What Do Your Motors Really Do? | Automation.com

What Do Your Motors Really Do?

What Do Your Motors Really Do?

By Markus Brettschneider, ABB Food and Beverage

In 1969, the first home security system was born, consisting of four peepholes and a camera that could be moved to look through any of them, broadcasting the images to a monitor. Nowadays, we can now stream and view a feed of our home security cameras on our mobiles, giving homeowners greater piece of mind. This article explains how food plant managers can add a similar level of connectivity to retrofit most motors with smart sensors to bring their plants to the digital age.

Industry as a whole is utilizing technologies and solutions enabled through the industrial internet of things (IIoT). Gartner predicts that 25 billion devices will be connected to the internet of things by 2020, with some agencies predicting even double this amount.

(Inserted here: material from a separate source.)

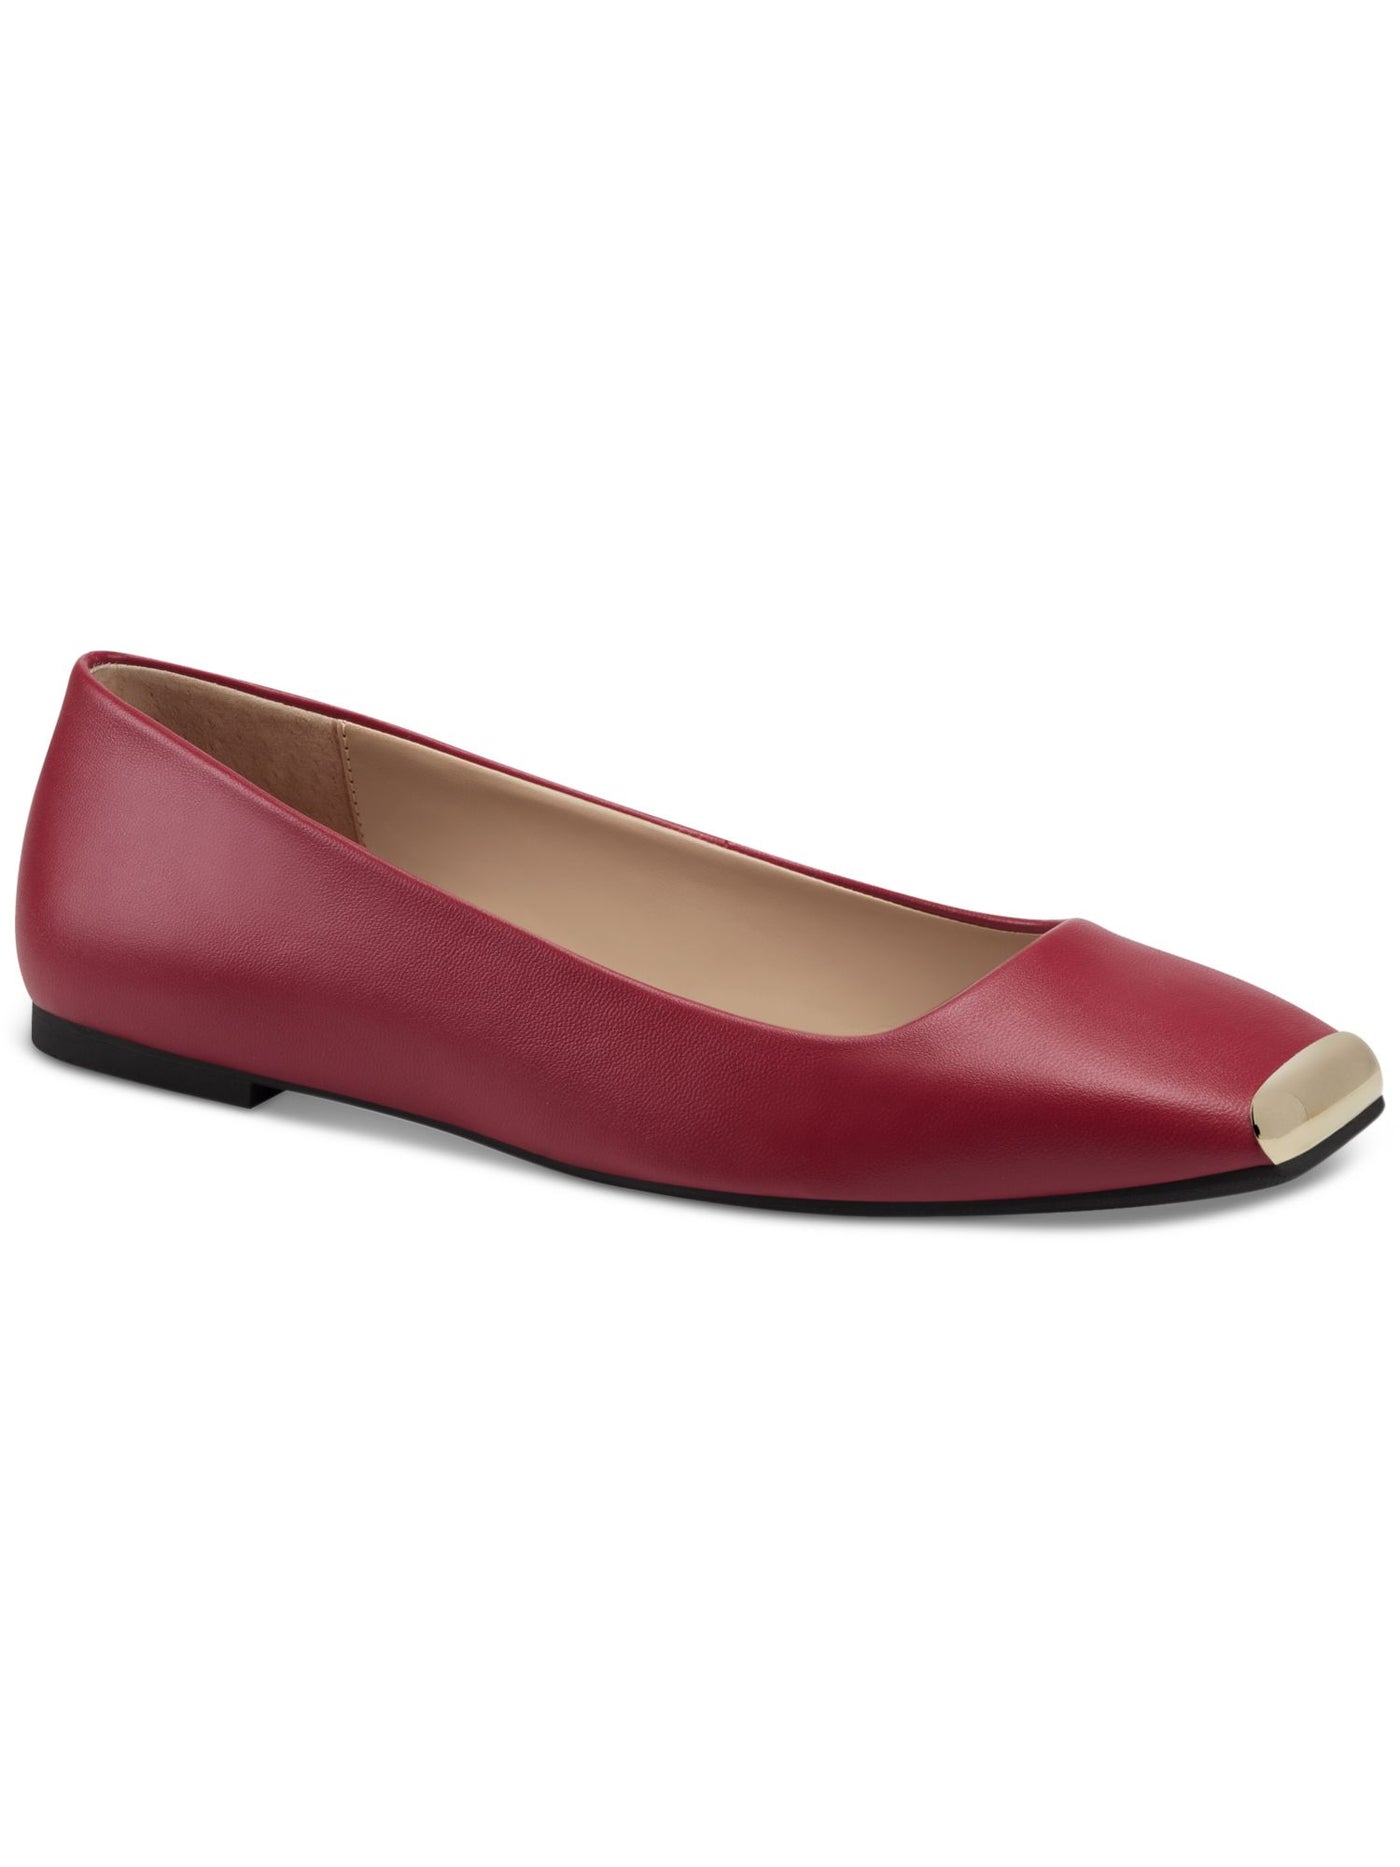 ALFANI Womens Red Flexible Sole Padded Metallic Neptoon Square Toe Block Heel Slip On Dress Flats Shoes 8.5 M

This presents plant managers with a conundrum. Most food manufacturing and processing plants currently have motors powering essential equipment such as mixers, conveyors and packaging machines. These motors are just motors and do not play in the same league as the other intelligent devices in their factories.

With years of service often left in the motors, it’s difficult for plant managers to justify replacing motors that work effectively for the sake of an upgrade with any smart features. However, there are alternatives to a complete overhaul in order to connect motors to the IIoT.

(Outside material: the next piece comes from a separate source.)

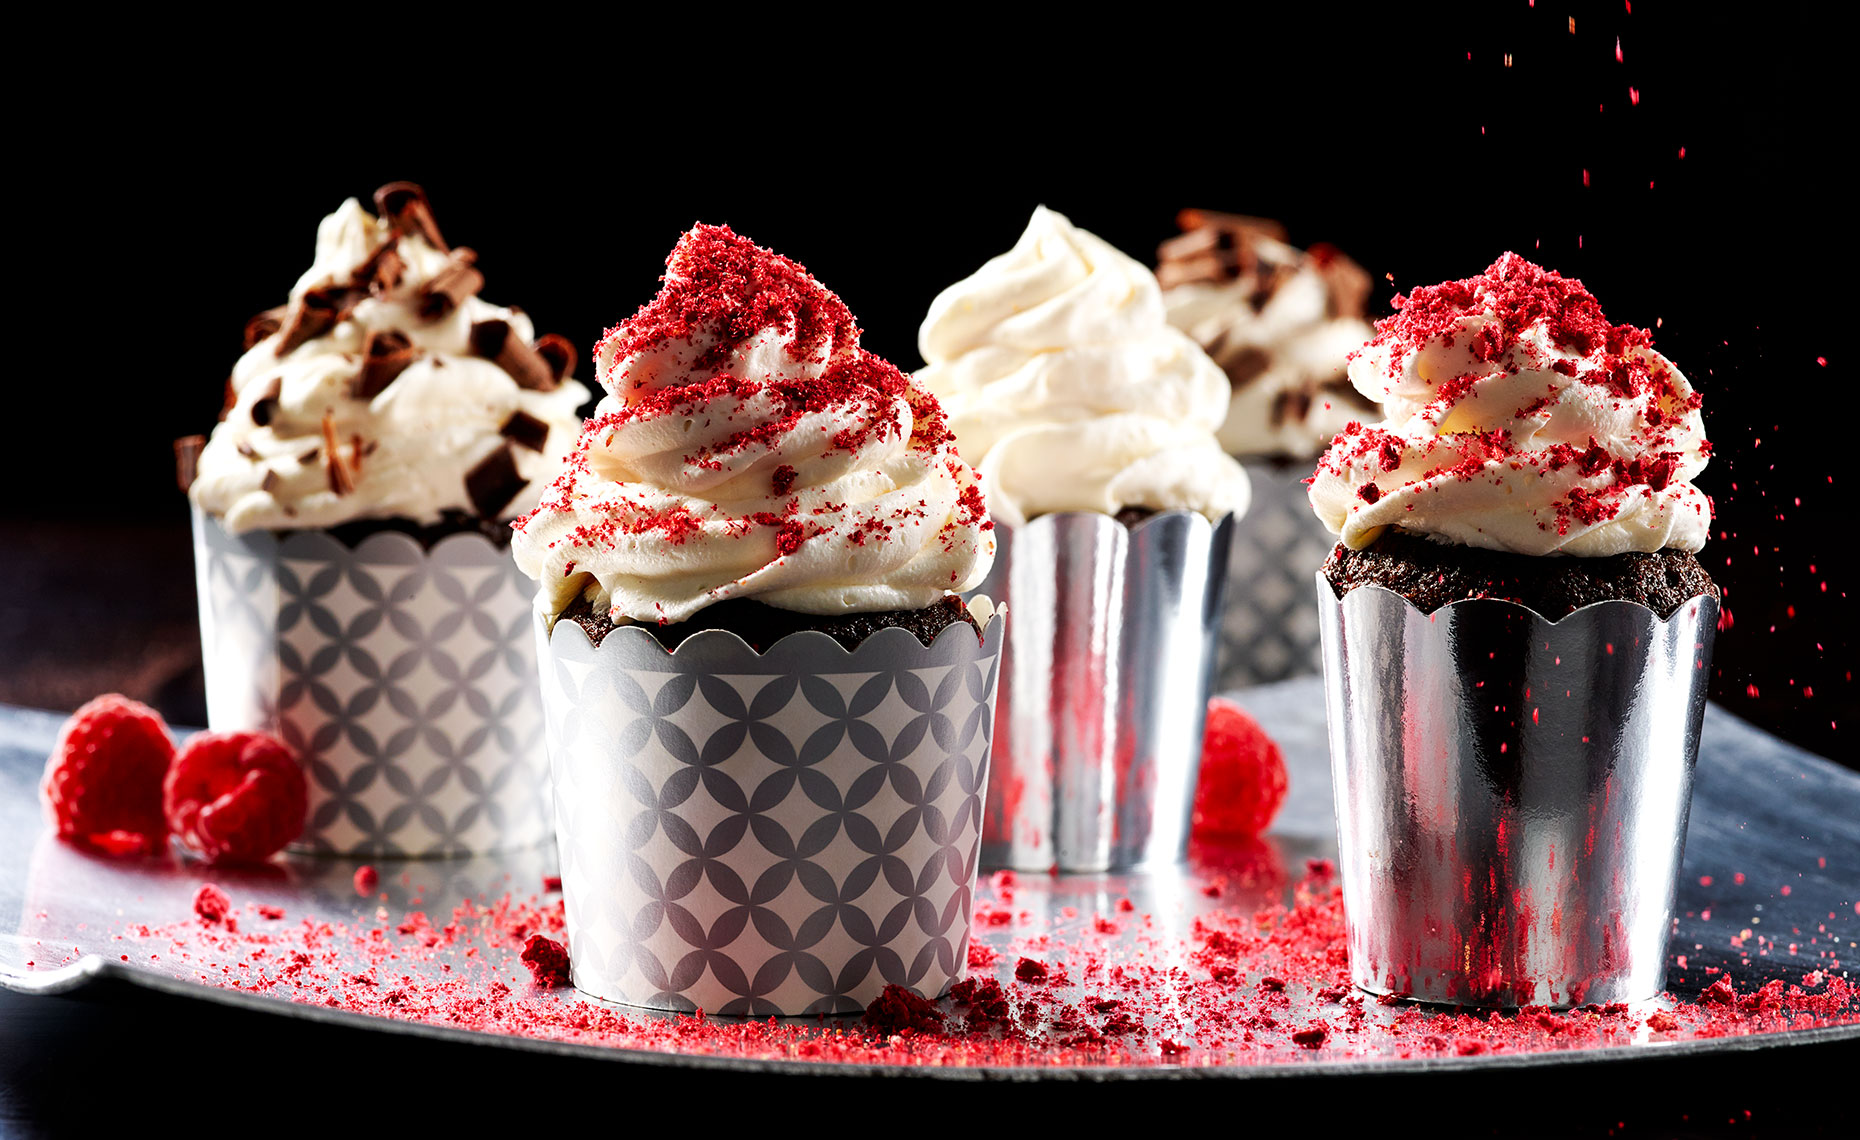 Variety of chocolate cupcakes with raspberry sprinkles

Instead of investing in new, more intelligent or smart equipment, plant managers should invest in sensors that provide similar functionality to connected devices. For example, ABB offers smart sensors, which can be fitted to almost any standard low voltage induction motor.

By using sensors that feed performance data to the cloud through a smartphone or gateway solution to a secure server, plant managers can bring their motors up to date with the IIoT. This data gives plant managers a full picture — even on mobile devices — of how their motors are working, without having to carry out dangerous hands-on monitoring. Plant managers can then carry out condition based or predictive maintenance, rather than periodic maintenance.

Using the right method to monitor motor condition, enables plant managers to reduce unplanned downtime by up to 70 per cent. This is particularly important in the food and beverage industry, where even a short downtime can be extremely costly. Infrastructure failures in this industry cost up to $75,000 per hour and have a serious impact on seasonally produced items such as sugar. This is a cost that plant managers can avoid by using the right performance insight and awareness.

An increased awareness of the condition of any motor also leads to a better awareness of how an entire system is performing. For example, a motor overheating or burning out may indicate a problem elsewhere in the production line, such as a line moving too fast and producing waste. Eliminating this problem could improve energy efficiency by up to ten per cent.

Motors, the heart of the food and beverage plant, don’t have to be left behind in the age of the IIoT. Just like a home security camera being connected to your mobile phone, a smart sensor could give a motor a new lease of life, making it perform as an integral part of the data-rich factory and providing all the additional benefits that this creates.